The system has measures in place to prevent the admin from withdrawing an amount that would result in a balance which is lower then the remaining tokens reserved for vesting (which should never happen according to the protocol documents: "They can also withdraw the remaining amount not allocated on claims back to their wallet."). However, when an ERC777 token is used as the underlying token (which works without problems and probably will be done by users, as ERC777 is backwards compatible with ERC20), this check can be circumvented (see Proof Of Concept). This allows administrators to drain the whole contract and leads to a situation where tokenAddress.balanceOf(address(this)) < numTokensReservedForVesting.

Proof Of Concept

• A vesting contract with a ERC777 token as the underlying token is deployed. 1,000,000 tokens are transferred to the contract and 950,000 are currently allocated for vesting.
• In theory it should only possible for the admins to withdraw 50,000 tokens. However, this can be circumvented like this: Let's say that the admin is a smart contract (or rather the admin performs the administration over a smart contract that he specifically prepared).
  • This contract calls withdrawAdmin(50_000).
  • Before updating the state (which includes the balance of the account), the ERC777 token calls the tokensToSend hook on the smart contract. Now, the contract can call withdrawAdmin(50_000) within the hook again. Note that tokenAddress.balanceOf(address(this)) is still 1,000,000 (because the state was not yet updated), so the amountRemaining check succeeds.
  • This can be repeated 20 times (always within the hook), which drains the contract completely.

Note that this is not the only way to exploit ERC777 reentrancy. It could also be exploited by the admin in withdraw (when there is a claim for the admin) and instead of calling withdrawAdmin repeatedly, the admin could also call createClaim in the hook to create a claim that pushes numTokensReservedForVesting over the balance. This could be even harder for users to detect, because there would be no events for repeated withdrawals (only a claim creation, which is generally a normal operation, with the only difference that this claim should not have been allowed).

Recommended Mitigation Steps

Add a reentrancy guard to withdraw, withdrawAdmin, and createClaim.

Design / Architecture

• Currently, the cliff date cannot be after the vesting start date. In my experience, there are scenarios where companies have a cliff date during a vesting period.
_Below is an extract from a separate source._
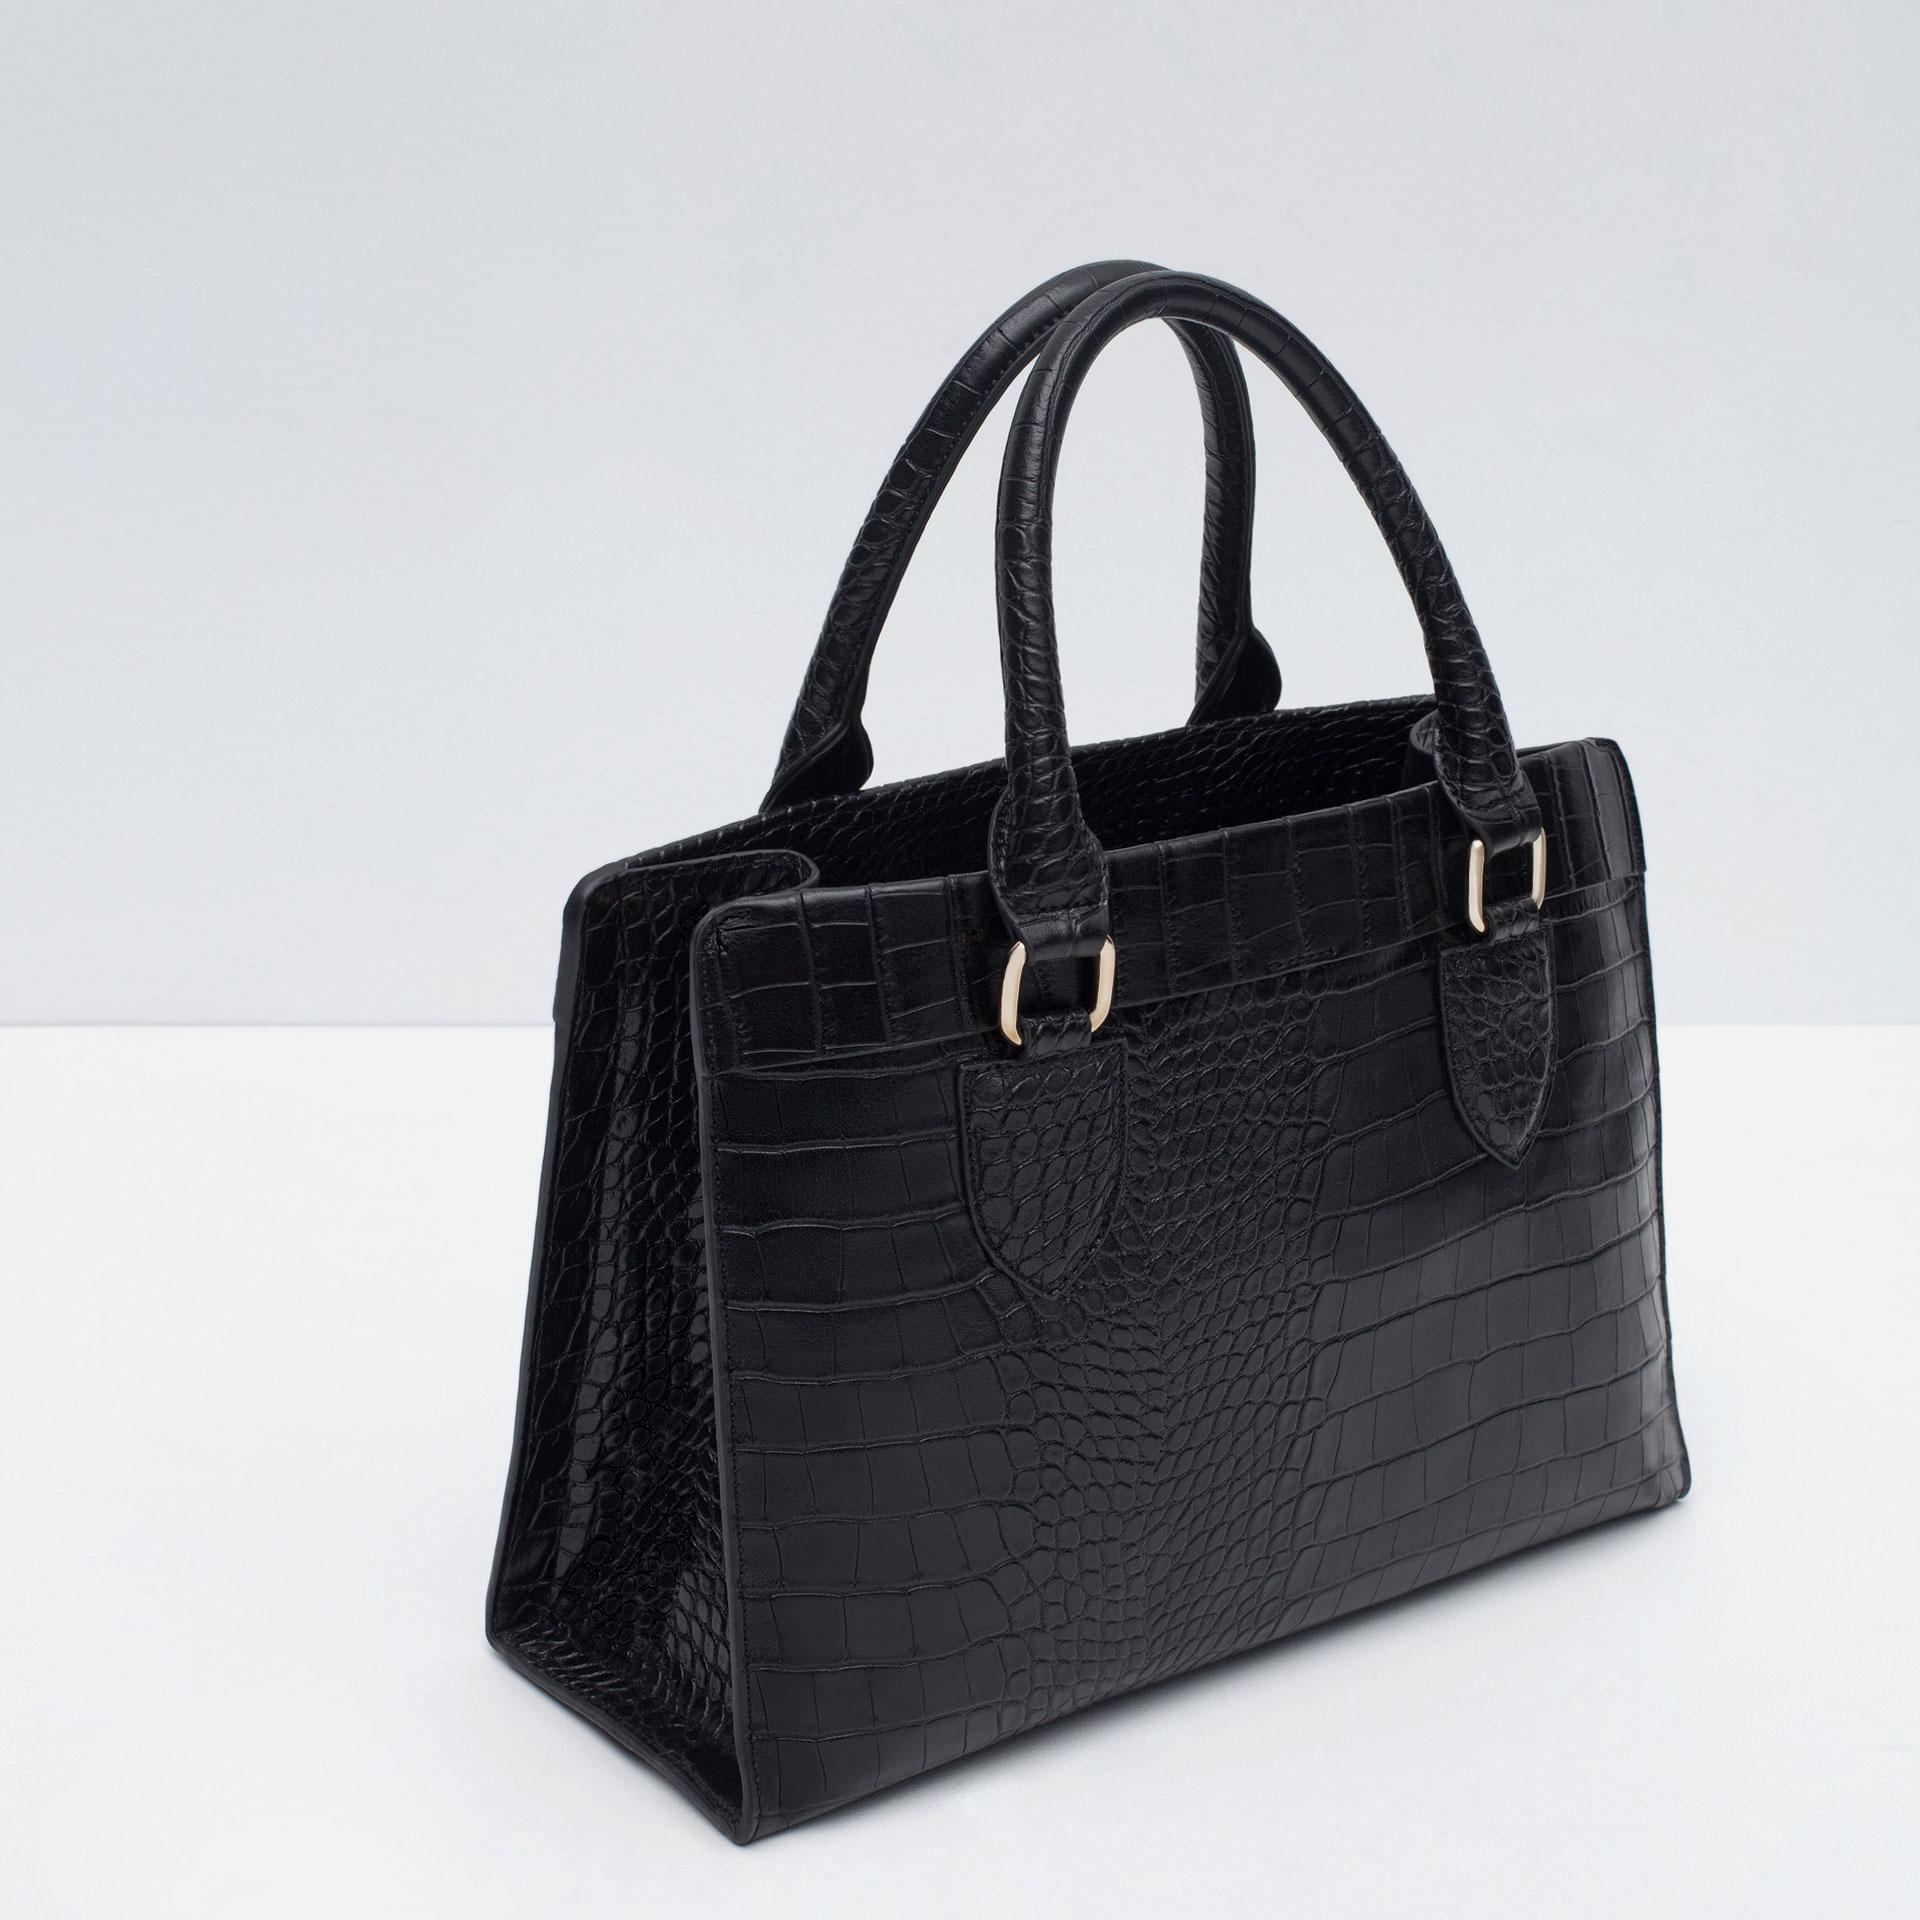 celine handbag cost - Zara Mock Croc City Bag in Black | Lyst

Such situations currently could not be handled by VTVL.
• It is not possible for the admin to increase a claim afterwards. I think that this could be limiting in practice. For instance, it can happen that the vesting details of an employee are changed after a promotion.
• After one claim has ended, it is not possible to create another one for the same address, which is also quite limiting in my opinion. Often times, a new vesting period is agreed upon a company and an employee when the previous has ended. Currently, the employee would need to generate another address for that, which is not very user friendly.

Technical Issues

• Using a uint112 for amounts (especially for numTokensReservedForVesting, which is the global sum) can be insufficient for certain tokens. Consider a token with 24 decimals and where one token has a value of 0.0000001 USD. The maximum amount for which the protocol can be used is 2^112 / 10^24 * 0.0000001 USD = 519.23 USD, which is extremely low.
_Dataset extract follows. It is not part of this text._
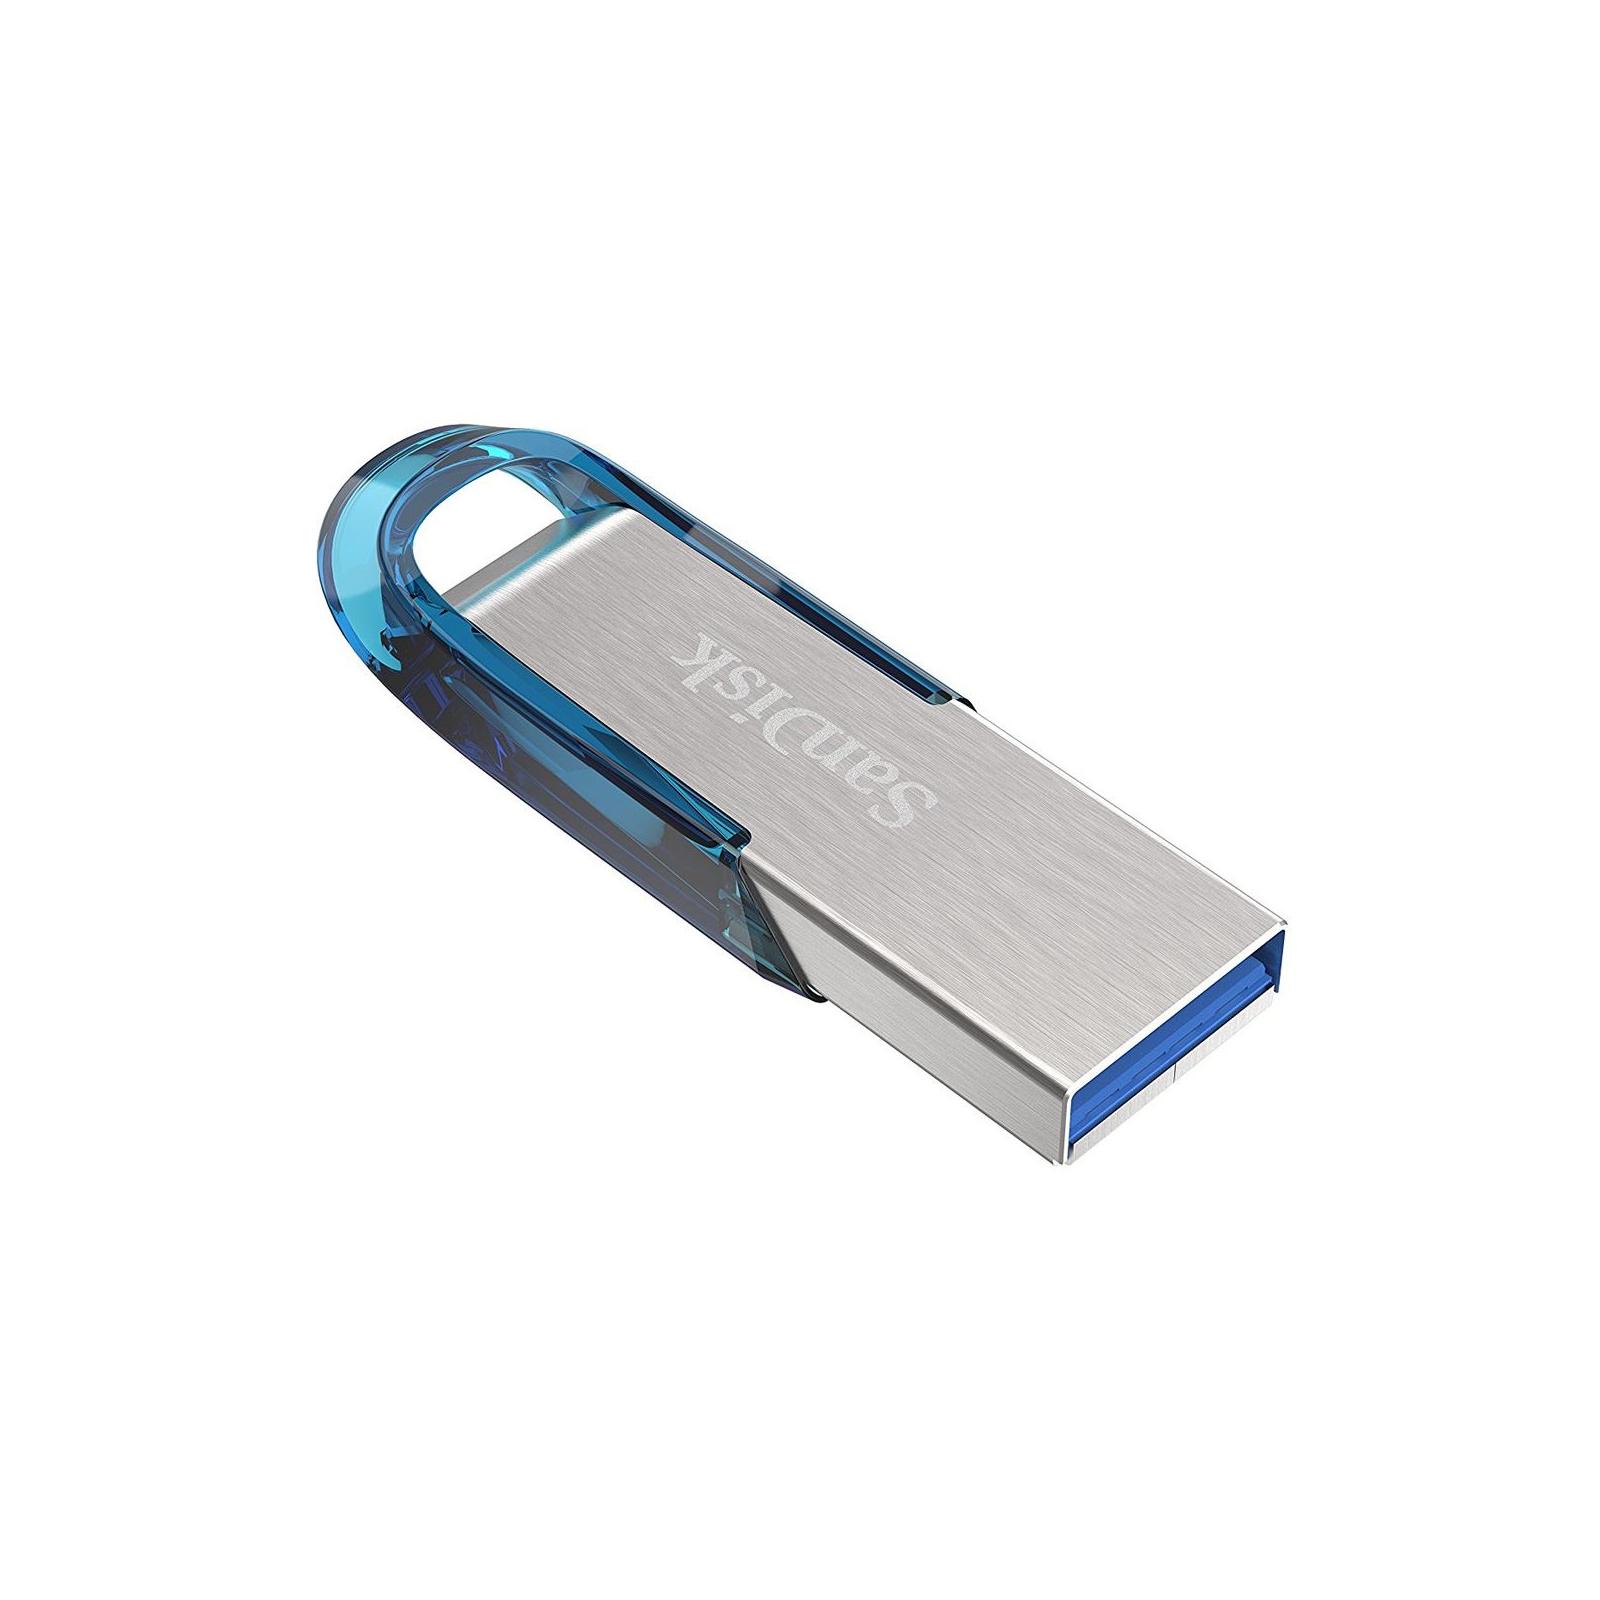 USB флеш накопитель SANDISK 32GB Ultra Flair USB 3.0 (SDCZ73-032G-G46) изображение 4

• The check require(amount <= mintableSupply, "INVALID_AMOUNT"); in VariableSupplyERC20Token.mint is unnecessary, because the subtraction on the next line will underflow anyways if this is not true.
• Decrementing the variable mintableSupply in VariableSupplyERC20Token.mint is not necessary. The remaining mintable supply could always be calculated based on the initialSupply_ (if it would be stored), the maximum supply and the already minted tokens (standard ERC20 variable _totalSupply). The remaining supply is then maxSupply_ - _totalSupply + initialSupply_.
• In VTVLVesting.sol:353, the loop iteration can be marked as unchecked because an overflow is not possible (as the iterator is bounded) and i++ can be replaced with ++i.
• Custom errors could be used instead of string error reasons to save gas.